The Power of Character References

Character references are a huge deal for AI image generation.

Before, each image you created with an AI image generator like Midjourney or DALL-E was discrete. The images stood alone — although power users found clever workarounds, you couldn’t easily use elements from one image in future images.

That was a big problem for illustrators and animators. Creating a series of illustrations with a consistent character — for example, to illustrate a children’s book or graphic novel — was nearly impossible.

Character references changes that. The new feature allows designers to create a character one time, and then re-use that character in an unlimited number of future images.

For example, I can create a character called Bichon Frise Man using Midjourney’s “Imagine” function.

Illustration by the author via Midjourney

I can then run additional commands to have Bichon Frise Man do anything that I want, like swooping in to rescue people from a burning building.

With Character References enabled, the superhero in my second image closely resembles the character I created with my first one.

Again, this is a huge deal for anyone interested in creating a series of images with Midjourney. With Character References, you could now use the system to create illustrations for an entire comic book, storyboards for a film, and more.

Using the function is easy. You simply add the command — cref [URL TO REFERENCE IMAGE] to the end of your Midjourney command, like this:

/imagine Bichon Frise man rushes into a burning building to save someone --cref [URL TO ORIGINAL IMAGE]

Easy Deepfakes

Again, Character References will be a huge boon to illustrators. But the new feature also comes with a risk. Character References make it far easier to quickly spin up convincing deepfakes, based only on a single reference image of a real person.
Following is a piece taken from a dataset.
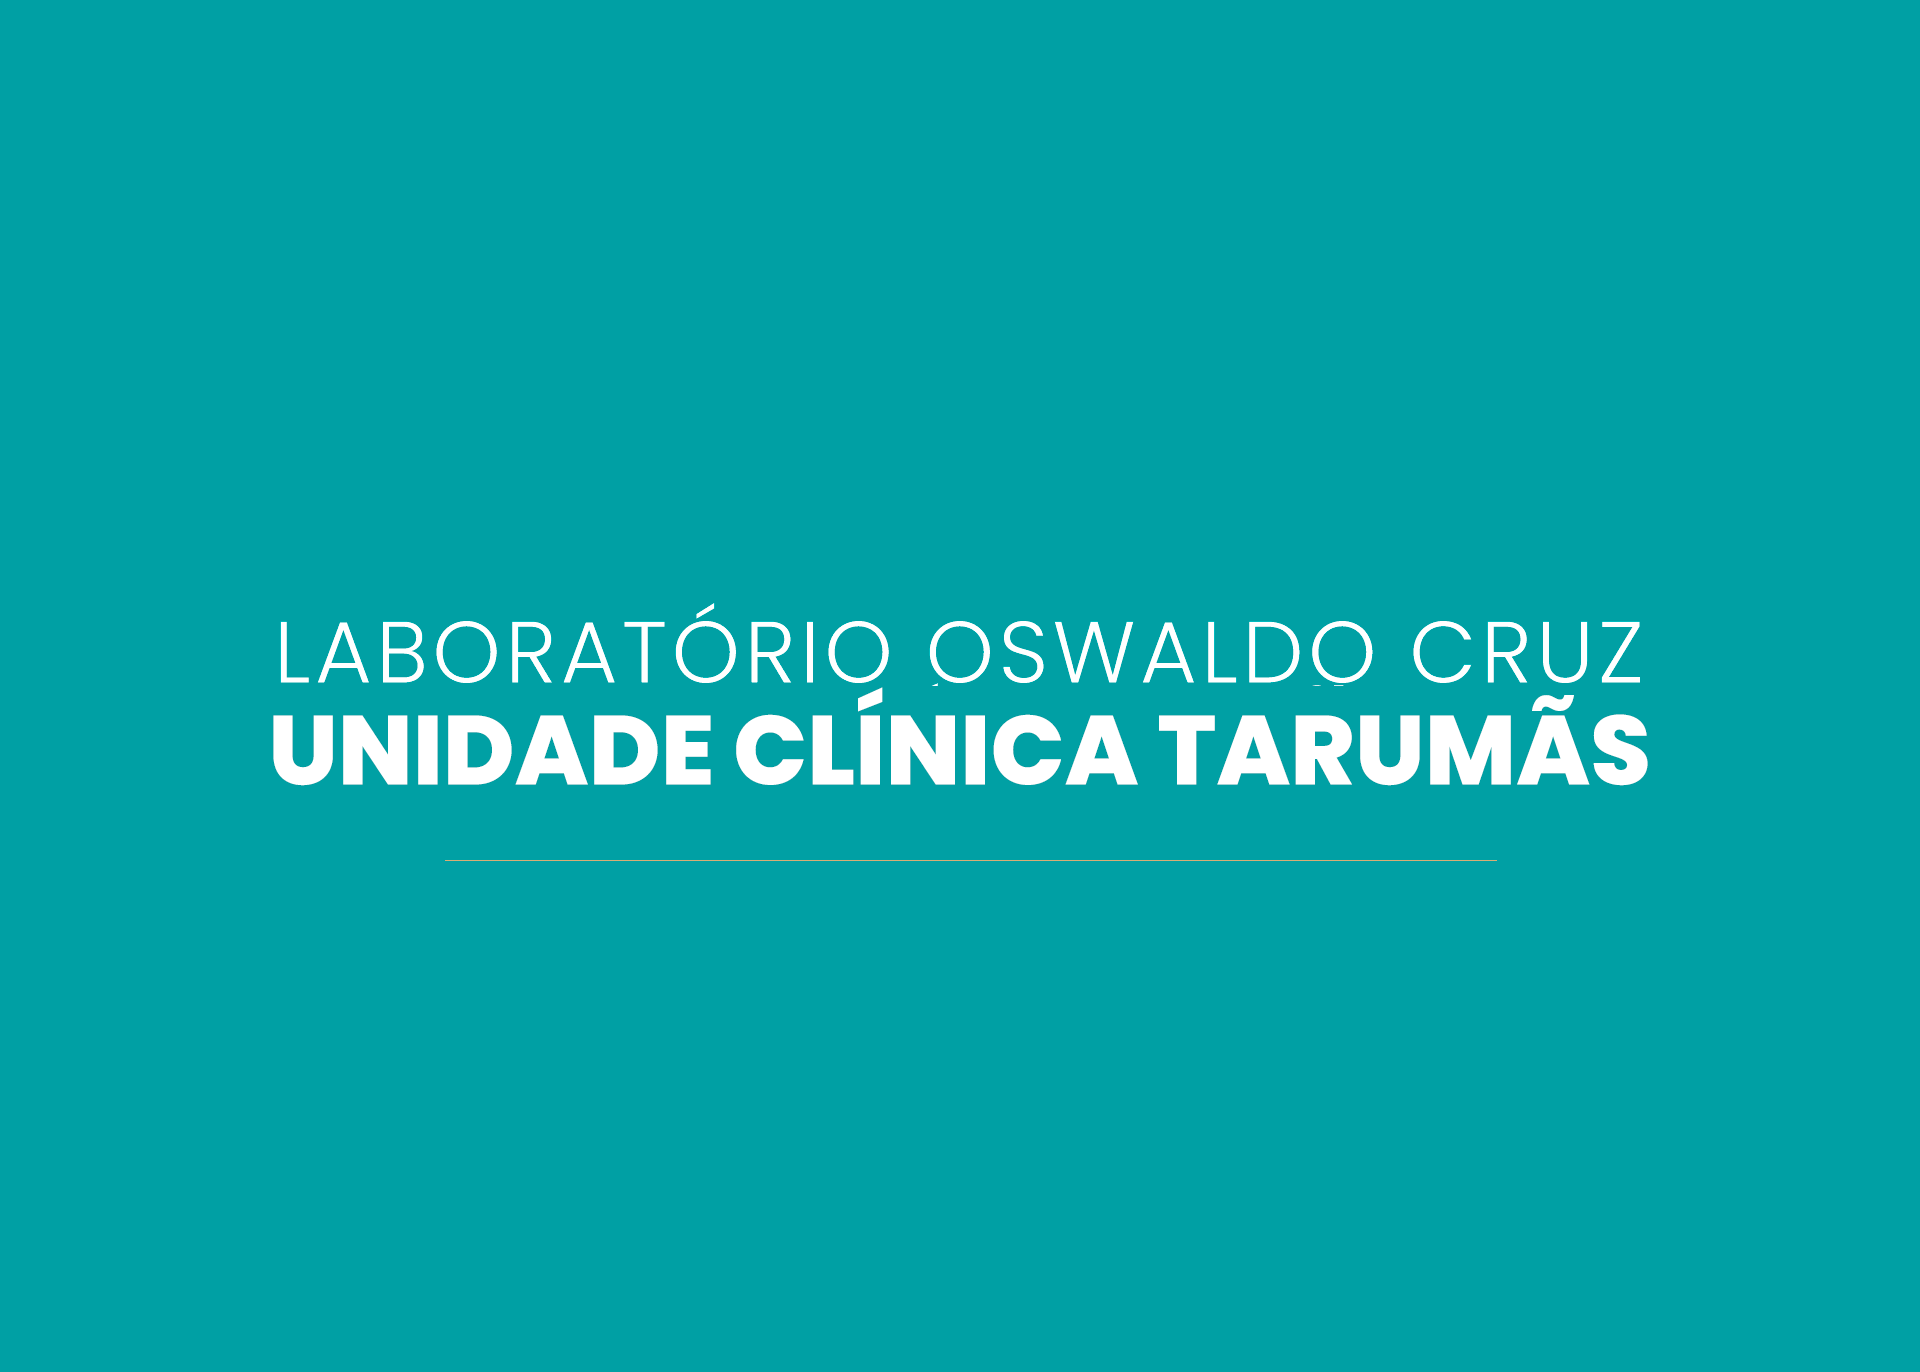 Laboratório Oswaldo Cruz - Unidade Clínica Tarumãs

To demonstrate how this could work, I decided to deepfake myself. Instead of specifying the URL to a previous Midjourney character image in my new commands, I instead sent Midjourney a selfie of me in a Bay Area restaurant from my new site The Bay Review.

I then asked Midjourney to use that image and create scenes that feature me going on a variety of fun vacations.

Here’s the deepfaked me having the time of his life in Tahoe:

Here I am on a beach in Maui:

At the end of the day, the deepfake Thomas Smith apparently got a bit tired from all the traveling and needed some alone time. When I asked Midjourney to show me eating dinner, it produced this pensive image.

Those images aren’t perfect, but they’re pretty convincing. My own family could probably tell that they’re fake. But if I posted the Tahoe one on social media with a caption like “Hi from the slopes!” I guarantee that many people would be fooled (I’m not going to do this — see my section below on using this tech ethically.)

Running Midjourney’s images through a system like Upscaler, which is designed to fix AI faces, made them even more convincing. Here’s the Tahoe image after applying Upscaler’s FacePro function.

Many of the somewhat grotesque elongations and other undertones of the original image are gone. There are still flaws — my skin looks too smooth in this one for example — but many people would probably still believe that it’s me.

For reference, here’s a real picture of me on the real slopes.

The deepfake isn’t too far off from reality.

Deepfakes on Demand

Midjourney’s new Character Reference function is powerful, but it’s not perfect.

As Midjourney acknowledges in their release notes for the feature (shared on their Discord channel), “This feature works best when using characters made from Midjourney images. It’s not designed for real people / photos (and will likely distort them as regular image prompts do).”

Indeed, many of my Character Reference generations were distorted or strange. I don’t know who this guy is, but he’s definitely not me!

Character References also struggles to create images showing more than one subject. I asked for a photo of me meeting Taylor Swift, and instead got this bizarre shot of two pseudo Thomas Smiths embracing.

The function also copies clothing to a fault — even when I asked for a photo of myself on a tropical beach, the system showed me wearing the same puffy jacket from my reference image!

Still, in my testing, I found that Midjourney got my salient features right a surprising portion of the time.

Crucially, creating my deepfakes cost nothing, took only 1–2 minutes of processing time, and required no editing skills.

I was also able to create them using a single, publicly available reference image — there was no need to train Midjourney with lots of photos of me, as I would have needed to do with previous image generators.

Character References opens up tons of exciting creative possibilities. But given this ease of use, it also reveals risks.

Specifically, the tech shows that it’s now incredibly simple for anyone with basic prompting skills to create reasonably good deepfakes of anyone else.

My vacation examples are silly. But I could easily create a fake photo of a real person doing something nefarious that they never actually did.

To be fair, Midjourney’s Community Guidelines prohibit these kinds of deceptive uses of their system. Faking images for destructive or abusive purposes is forbidden. As Midjourney says, “We are not a democracy.” Creating abusive deepfakes will almost certainly get you banned from the platform.

The (Deepfaked) Cat is Out of the Bag

Still, even if Midjourney polices its Character References function well and establishes good guardrails, the fact that Character References exist in one platform means other platforms will almost certainly clone and implement the same function.

And many of those platforms — especially open-source ones — won’t include any guardrails at all.

The ease of creating deepfakes risks further eroding the public’s trust in visuals. Before, good deepfakes were the purview of skilled graphics designers, often with institutional or government backing.

As generative AI advances, it will become ever easier for anyone to call up a convincing deepfake of anyone else with a few presses of the mouse.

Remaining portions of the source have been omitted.